6 local schools, including Beachland, get better grades

Academic achievement at several Indian River County schools showed improvement this year, but schools with large African-American and Latino student populations continue to falter, according to the 2018-19 school grades released by the Florida Department of Education.

Beachland Elementary showed the most improvement, with its state grade leaping from a C to A in one year. Beachland, the island’s only public elementary school, received A grades every year until recently.

“We are very pleased with our school grades, as we know it takes the work of many dedicated individuals and the persistence of our students to make this possible,” interim Superintendent Susan Moxley said in a written statement after the state scores came out.

“We will continue to work hard, while celebrating our success and overcoming obstacles, to improve our individual school grades each year and meet our district goals.”

Overall, Indian River County School District received a B rating for the 2018-19 school year, the same grade it has received every year since the 2015-16 school year. There are 24 schools in the district.

Six schools got better letter grades, including Rosewood Magnet Elementary, which improved from a B to an A. Citrus Elementary, Glendale Elementary and Sebastian Middle schools climbed from C to B. Vero Beach Elementary went up from D to a C.

“The staff and students at Citrus Elementary worked so diligently this year, and I could not be more proud of the achievement of increasing a letter grade and making a ‘B’ status,” said Kim Garcia, principal at Citrus Elementary.

Five schools received a lower grade. North County Charter School and St.
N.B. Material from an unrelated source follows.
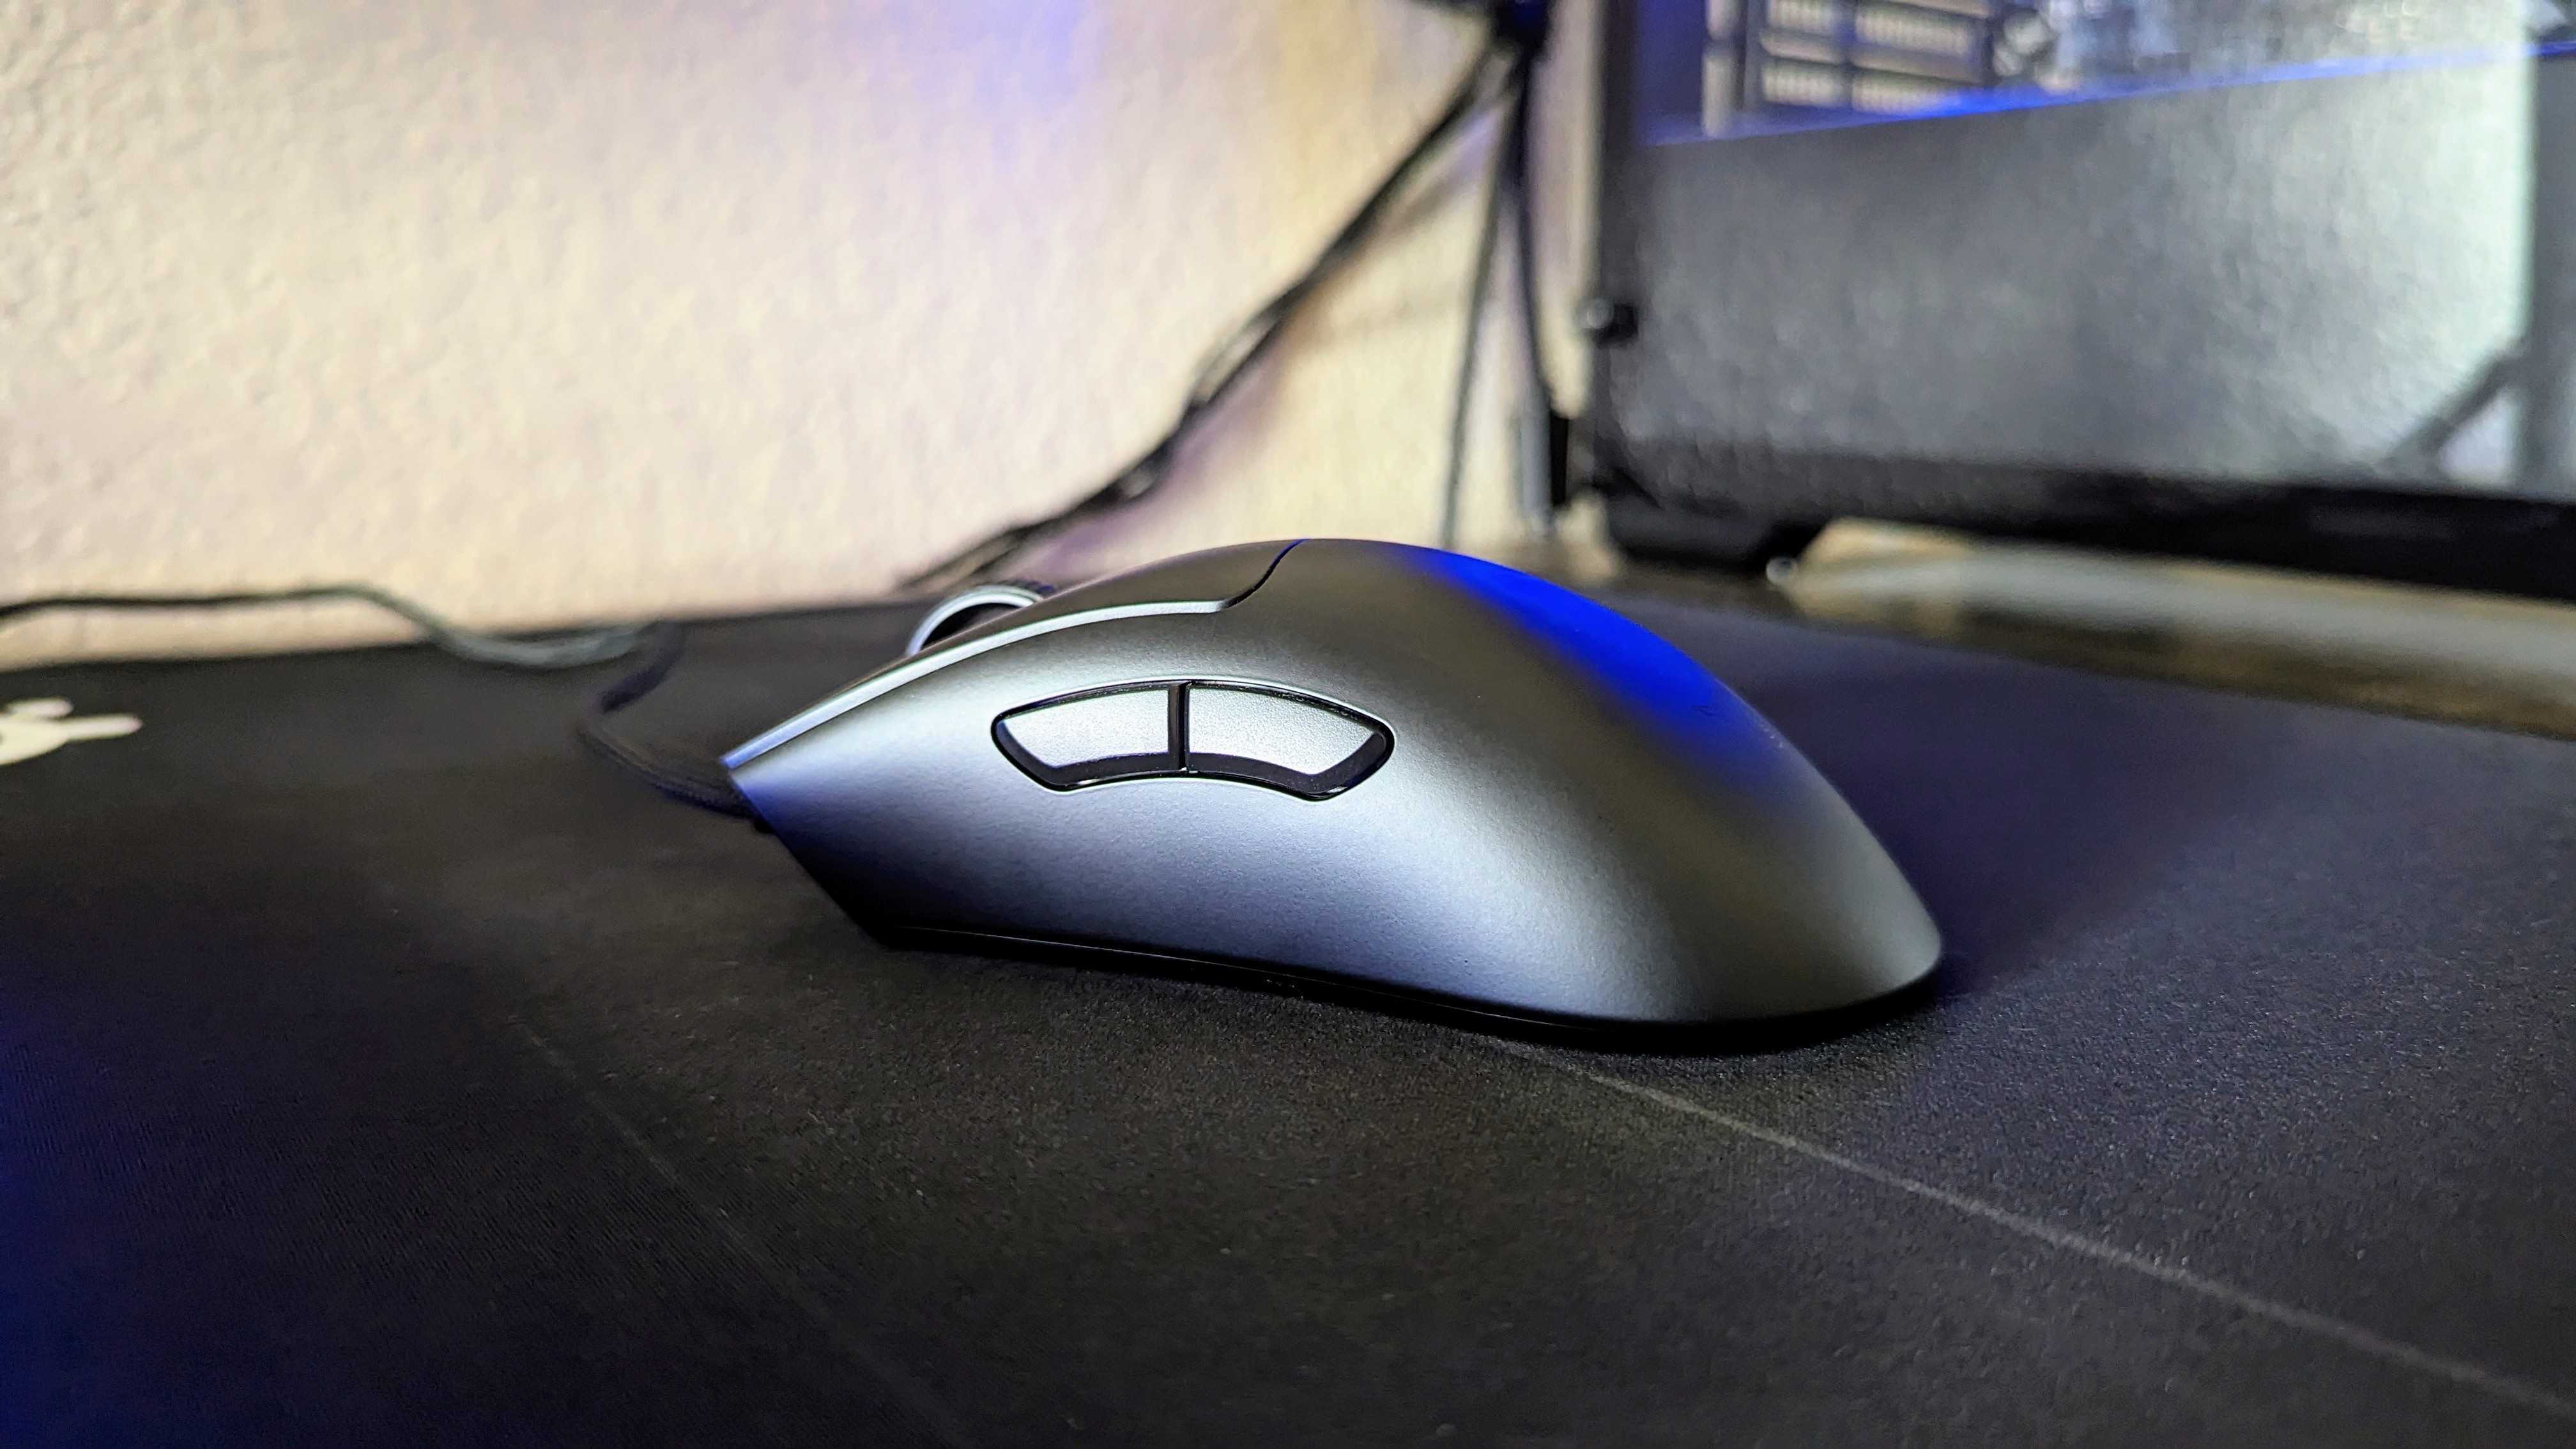 The Razer DeathAdder V3 on a mousepad, as seen from the side.

Peter’s Academy dropped from an A to B.

Sebastian Elementary and Sebastian River High School both saw their grades fall from B to C. Treasure Coast Elementary also dropped from a B to C.

All other schools maintained their previous year’s letter grade.

Moxley and Board Chairman Laura Zorc noted that while the school grades are important, there are other factors that measure a school’s success.

“I have mixed emotions about the school grades because our students and schools are being given a label for the most part from a single state assessment,” Zorc said.

“As a parent of three school-aged students, I think it’s more important for me to focus on the school that fits my children’s unique learning needs, not its letter grade.

“However, this year we know we had campuses that soared off the charts and some that are having challenges. In preparing the budget for the next school year, we will need to make sure we fund additional supports these schools may need to ensure every child is given the opportunity to succeed.”

The Florida Department of Education has been issuing school and district grades since 1999.

They are based mainly on Florida Standards Assessment scores and end-of-course exams, but also factor in student improvement and graduation rates when calculating school grades.